Barry Stobart

Personal information
- Full name: Barry Henry Stobart
- Date of birth: 6 June 1938
- Place of birth: Doncaster, England
- Date of death: 28 August 2013 (aged 75)
- Height: 5 ft 8 in (1.73 m)
- Position: Forward

Youth career
- Wath Wanderers
- 1953–1955: Wolverhampton Wanderers

Senior career*
- Years: Team / Apps / (Gls)
- 1955–1964: Wolverhampton Wanderers / 49 / (20)
- 1964: Manchester City / 14 / (1)
- 1964–1967: Aston Villa / 45 / (18)
- 1967–1969: Shrewsbury Town / 36 / (9)
- 1969: Durban Spurs
- 1970: Durban Spurs United / 2 / (1)

= Barry Stobart =

English footballer (1938-2013)

Barry Henry Stobart (6 June 1938 – 28 August 2013) was an English footballer who played in the Football League as a forward for Wolverhampton Wanderers, Manchester City, Aston Villa and Shrewsbury Town during the 1960s.

==Career==
Stobart began his football career at Wath Wanderers, the Yorkshire-based nursery club of Wolverhampton Wanderers, before heading south in 1953 to join them, turning professional in 1955.

With the likes of Peter Broadbent, Dennis Wilshaw and Jimmy Murray already established in the forward line, Stobart was consigned to the reserves in his early years.

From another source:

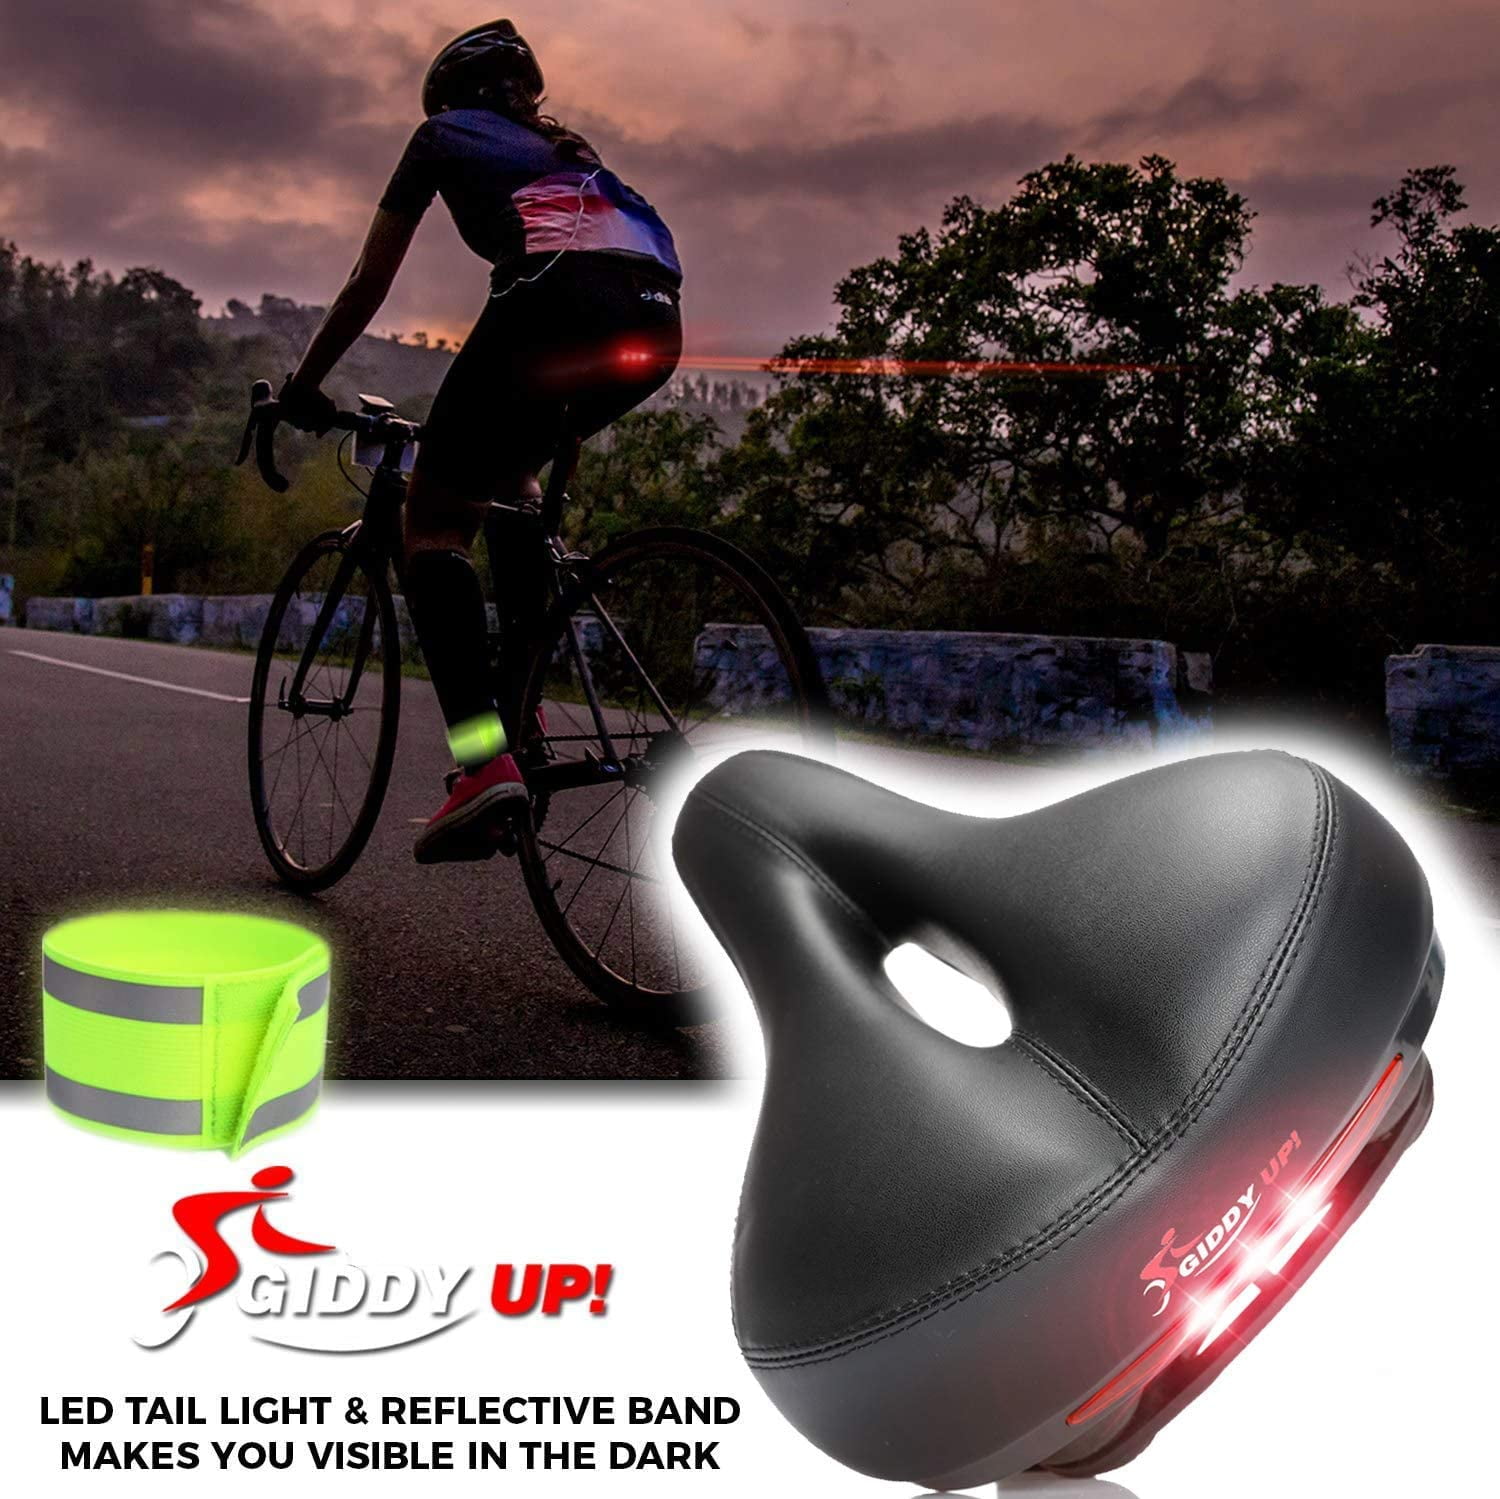 Giddy up Bike Seat Most Comfortable Memory Foam Waterproof Saddle Universal Fit for sale online

He finally made his first team debut on 5 March 1960, when he scored in a 2–0 win at Manchester United.

Although he made just four league appearances before the 1960 FA Cup Final, his performance in the final league game at Chelsea saw him earn a surprise place in the Cup Final team, at the expense of Bobby Mason. This allowed Stobart to collect the only medal of his career, as Wolves defeated Blackburn 3–0 in the Wembley showpiece. Barry Stobart was given the nickname "Kangaroo Kid" due to his unique ability to jump and score many goals via headers.

The following two seasons saw him only appear occasionally for the first team, and it wasn't until the 1962–63 campaign that he enjoyed a lengthy run in the side, during which he scored 14 goals. The next year saw him again largely relegated to the reserves though, and he left Molineux to join Manchester City in summer 1964.

He failed to settle at Maine Road, and returned to the Midlands within months when he joined Aston Villa in November 1964 for £22,000. He remained at Villa for three years, his best season coming in 1966–67 when he scored 11 times from 20 appearances. He dropped down the divisions in October 1967 to join Shrewsbury Town of the Third Division in a £10,000 deal. After a spell with them, he moved to South Africa to play out his career with Durban Spurs.

His eldest son Sean Stobart was a professional footballer a Scunthorpe United scoring on his first team debut against Rochdale FC.

His youngest son Loy was later also on the professional books at Wolverhampton Wanderers during the early 1990s having signed from Nottingham Forest on a free transfer. He also played for Cheltenham Town FC and Bidvest Witts in South Africa.

==Post Football ==
Barry went on to coach Willenhall Town FC to an FA vase final in 1981 at Wembley and guided semi-pro footballers, John Muir, Brendan Hackett and Russell Bradley to professional careers in Football. After retirement he worked as a greengrocer and finally as a window cleaner in the Sedgley area.

==Vascular dementia==
In 2005 it was revealed that Stobart suffered from vascular dementia. He resided in a care home from 2009 and died on 28 August 2013.